(Data below)
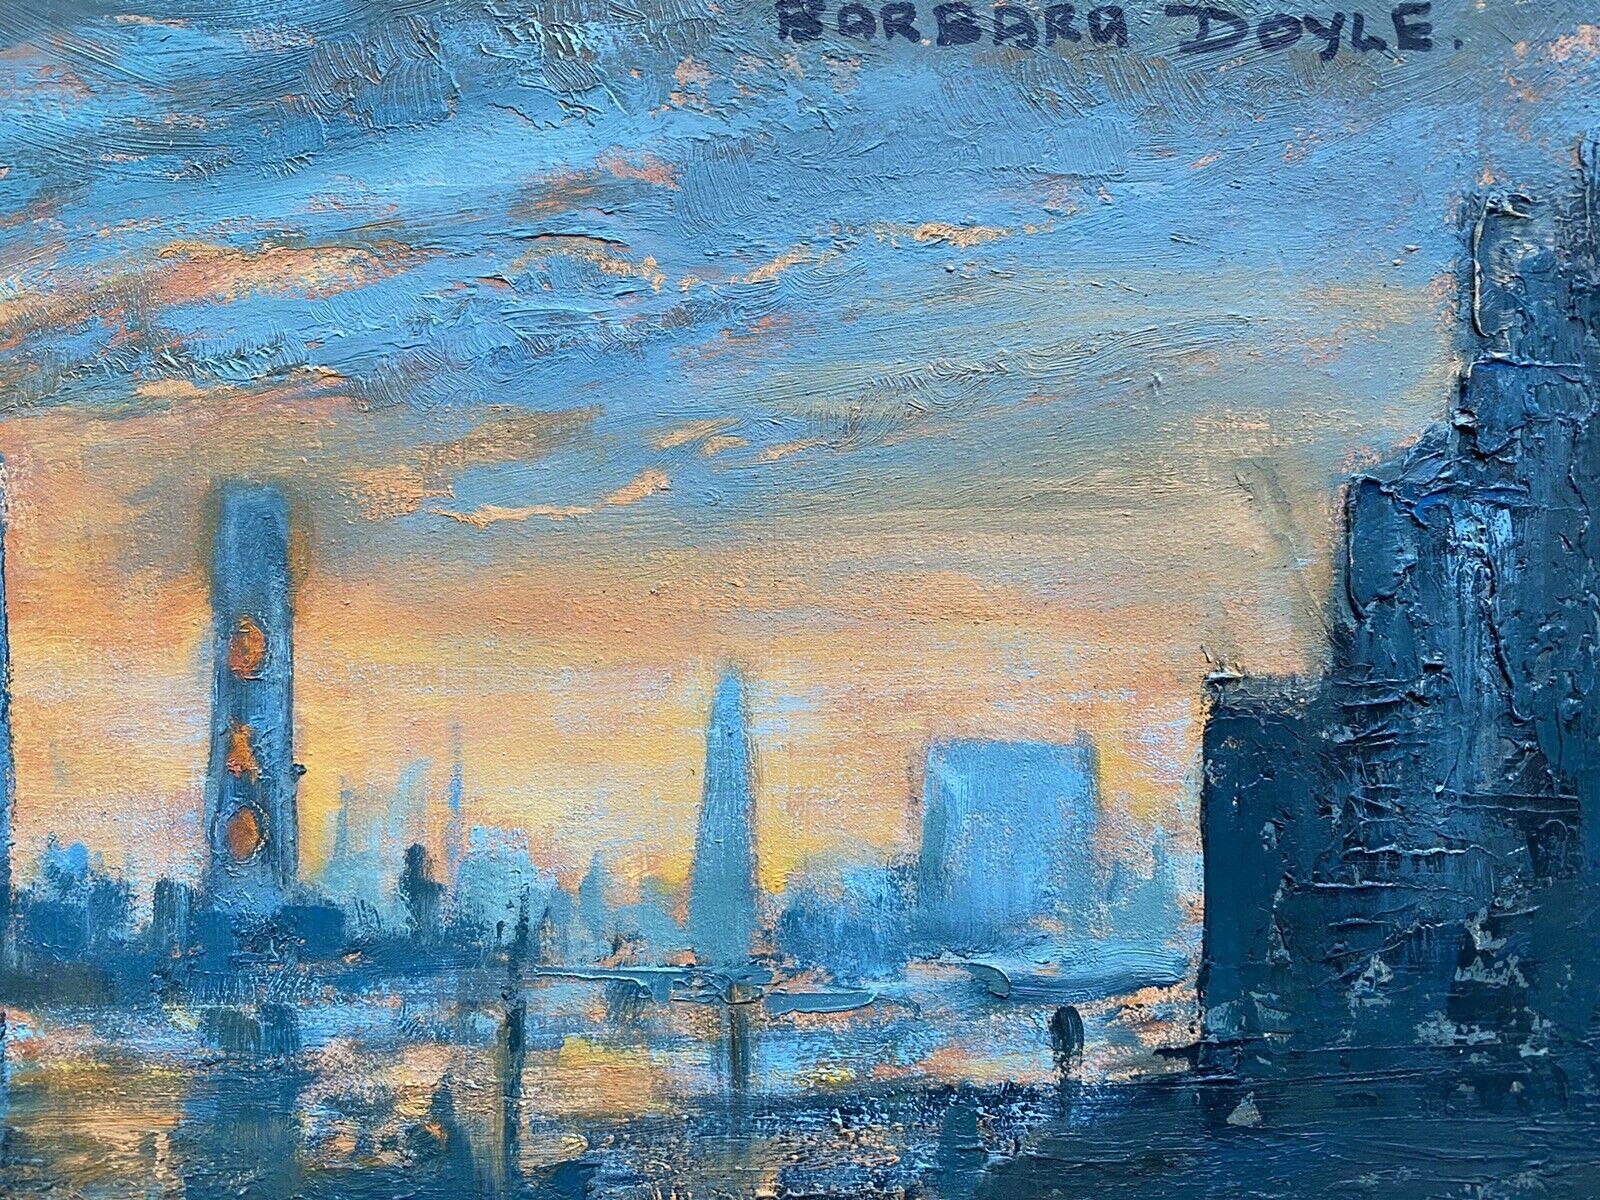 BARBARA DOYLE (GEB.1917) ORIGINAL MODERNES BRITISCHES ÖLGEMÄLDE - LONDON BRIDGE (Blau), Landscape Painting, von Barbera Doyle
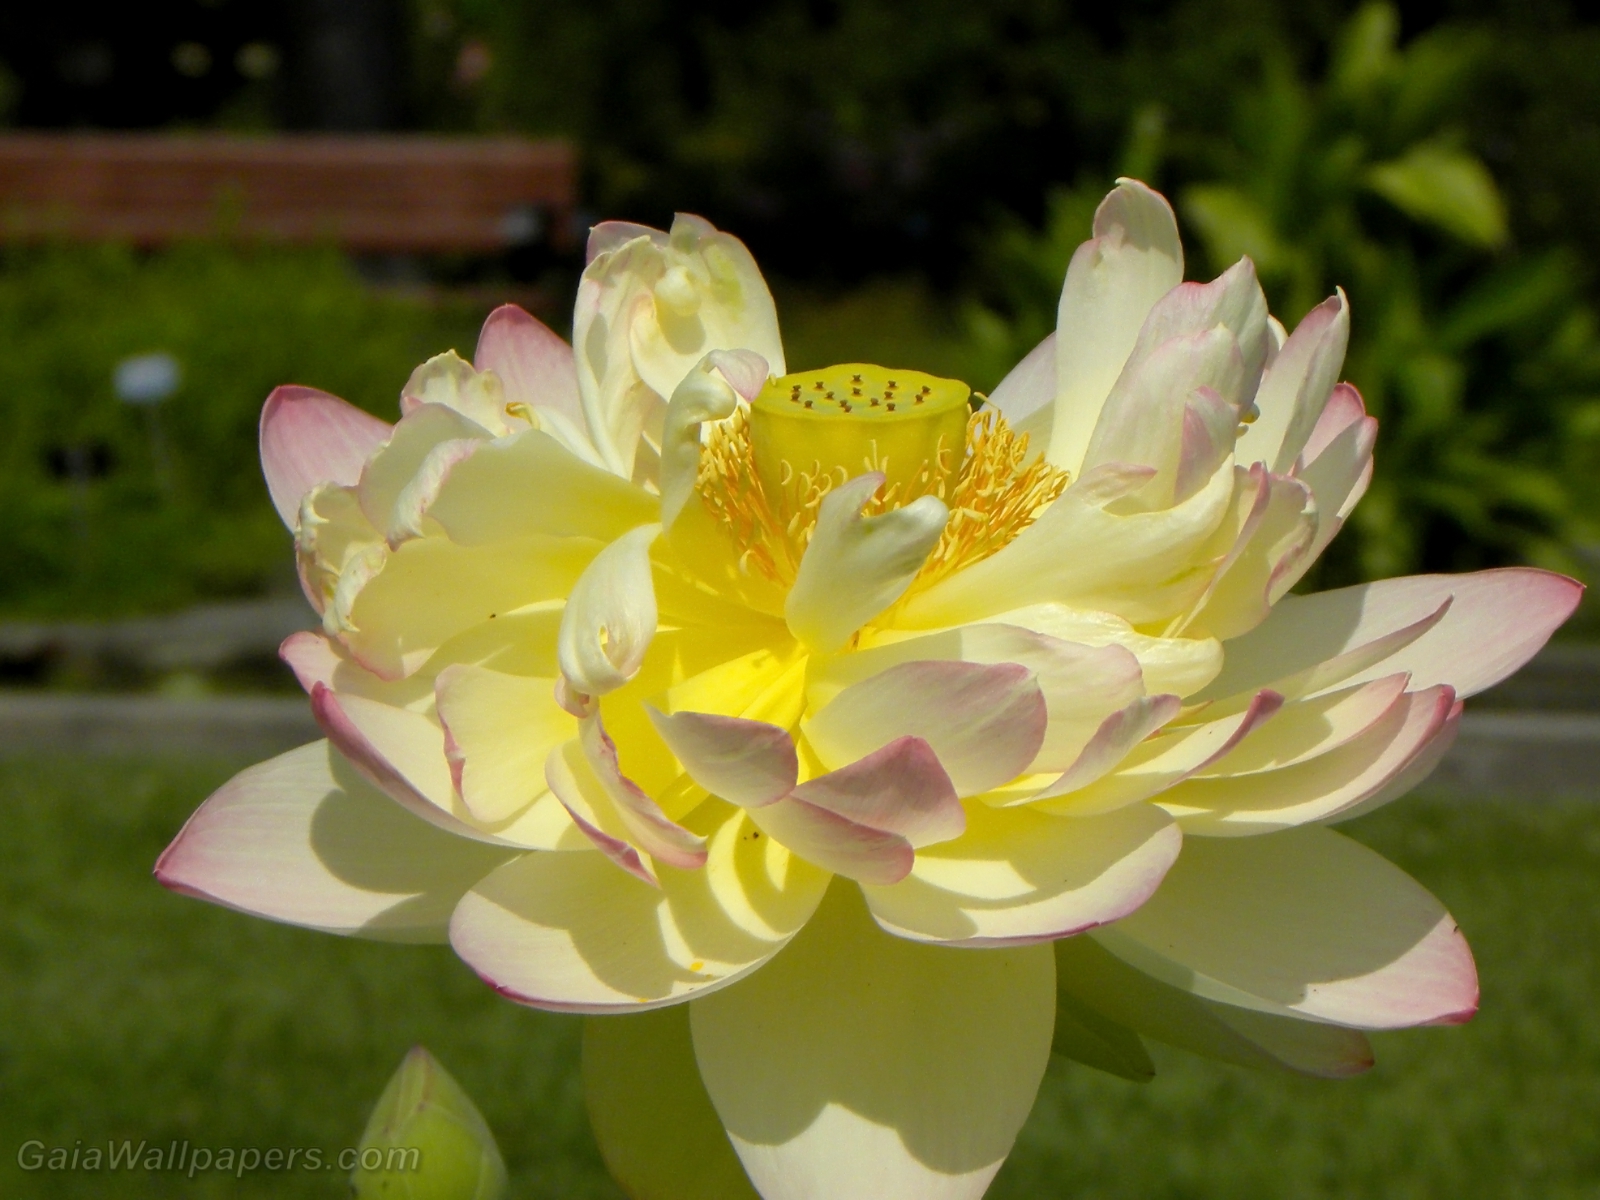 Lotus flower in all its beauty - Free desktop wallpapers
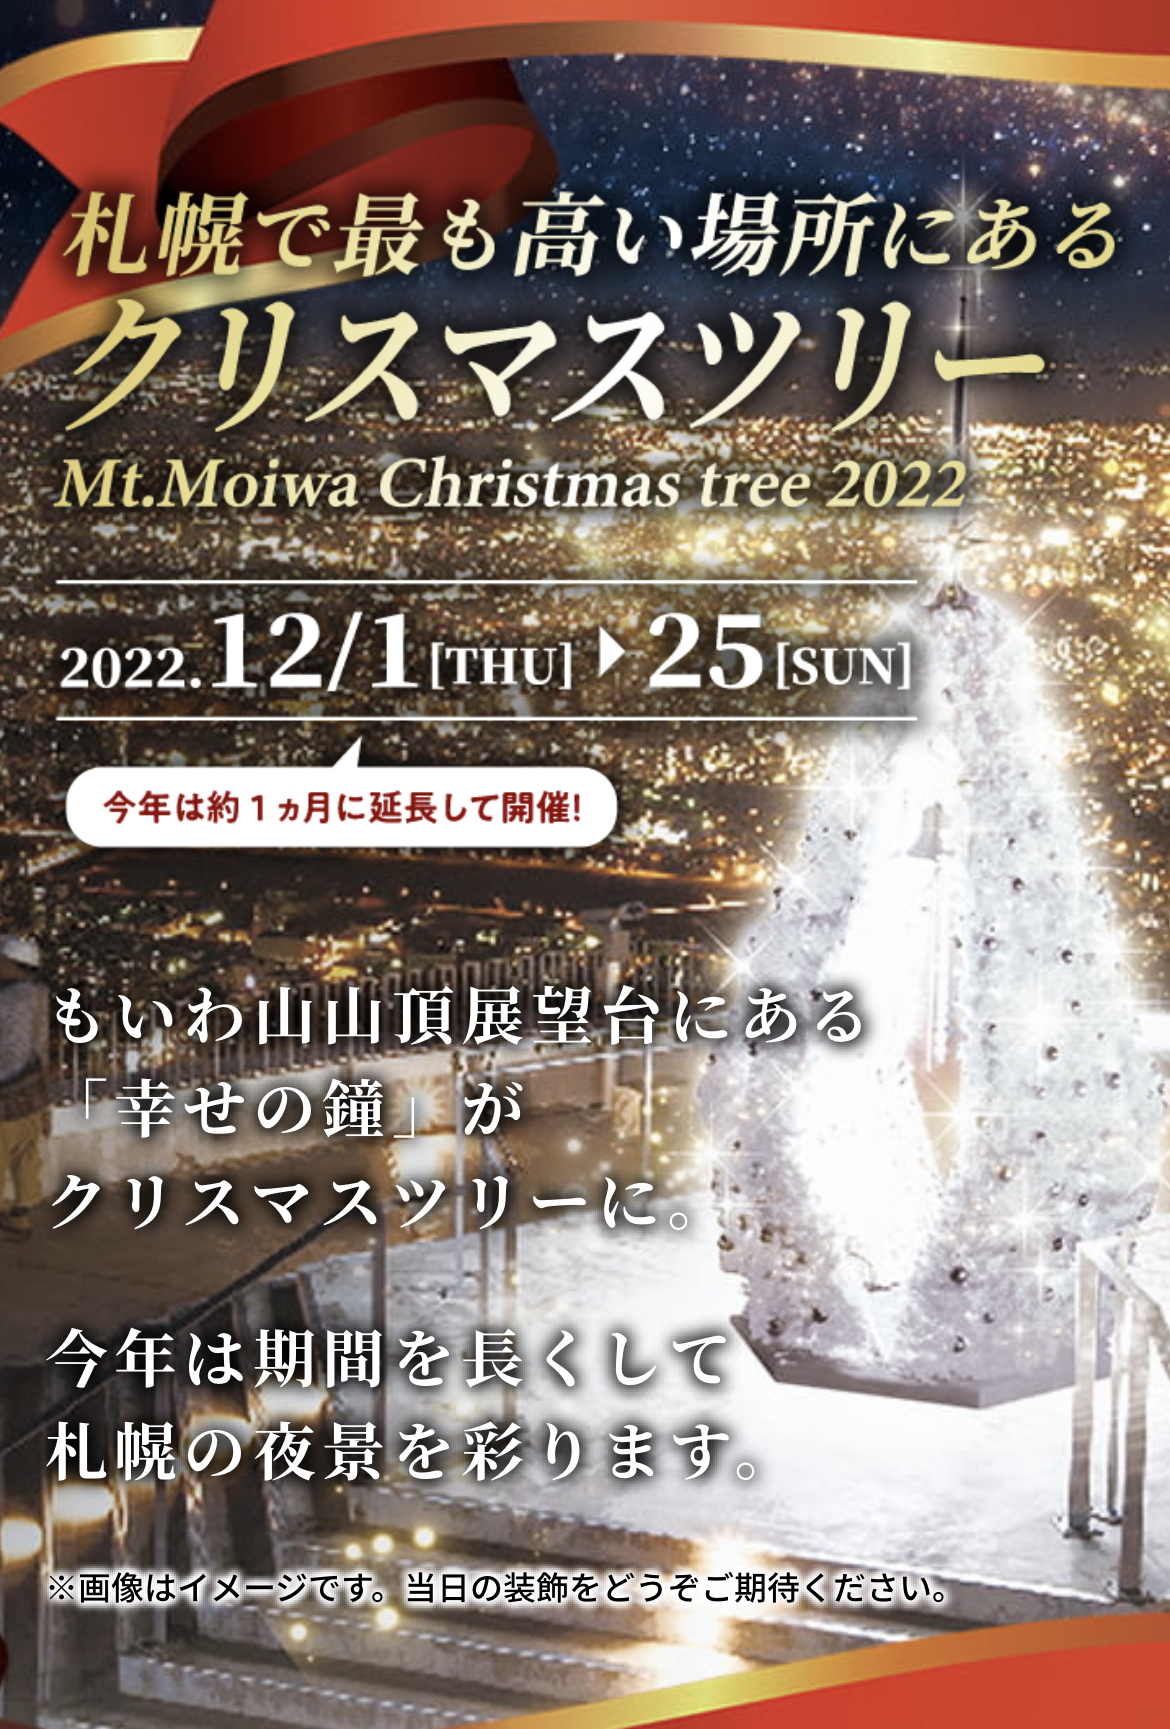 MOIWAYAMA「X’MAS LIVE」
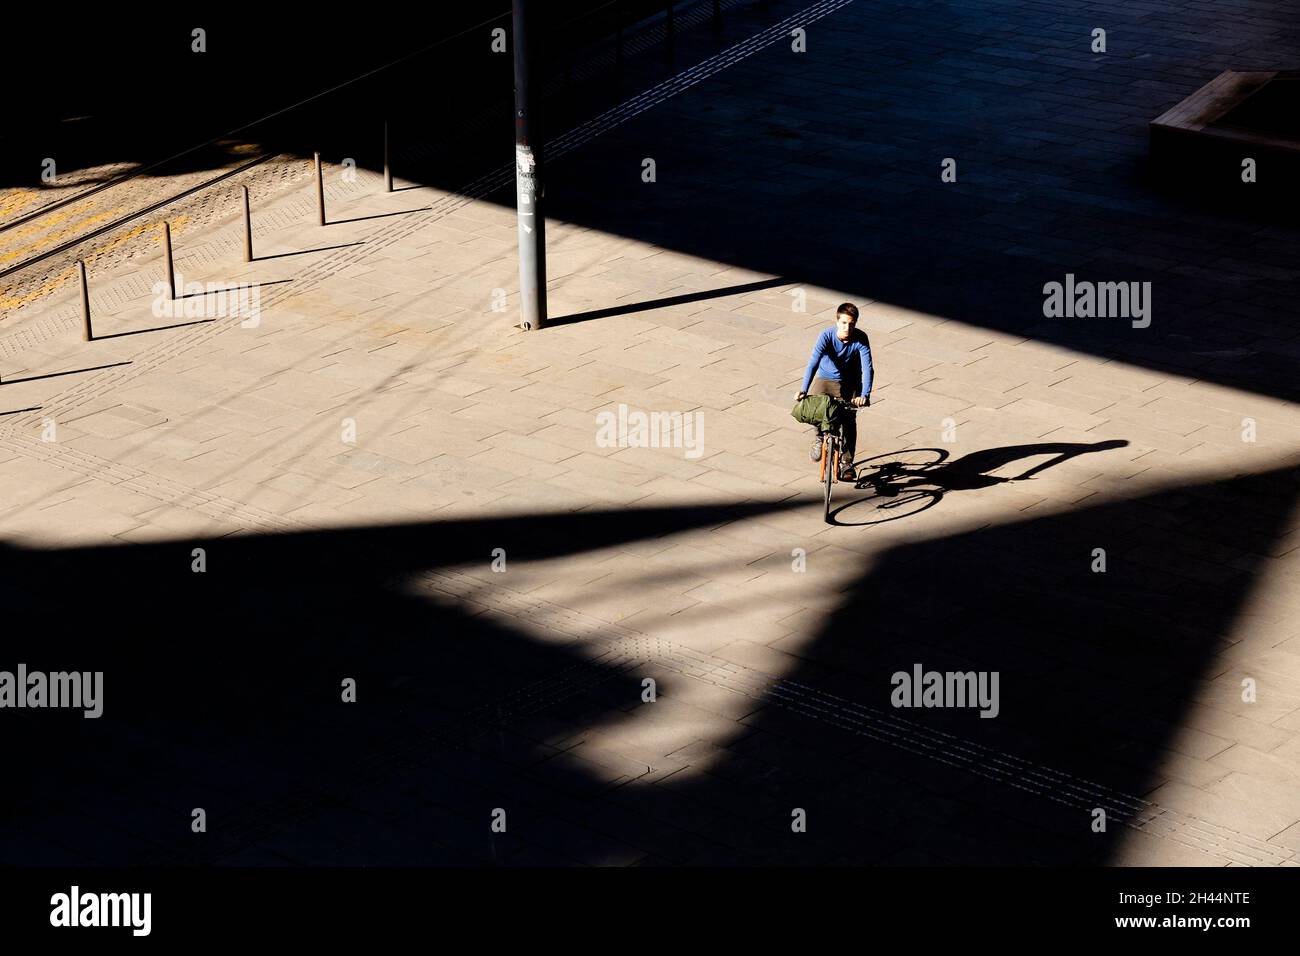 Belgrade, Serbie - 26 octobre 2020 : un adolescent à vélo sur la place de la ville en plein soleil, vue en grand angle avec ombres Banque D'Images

(Exercise goal) All that the answer may contain is the exact text of the lines from the one with "Lotus flower in" through the last line of the material, pictures excluded.

(Solved exercise)
 Lotus flower in all its beauty - Free desktop wallpapers
 MOIWAYAMA「X’MAS LIVE」
 Belgrade, Serbie - 26 octobre 2020 : un adolescent à vélo sur la place de la ville en plein soleil, vue en grand angle avec ombres Banque D'Images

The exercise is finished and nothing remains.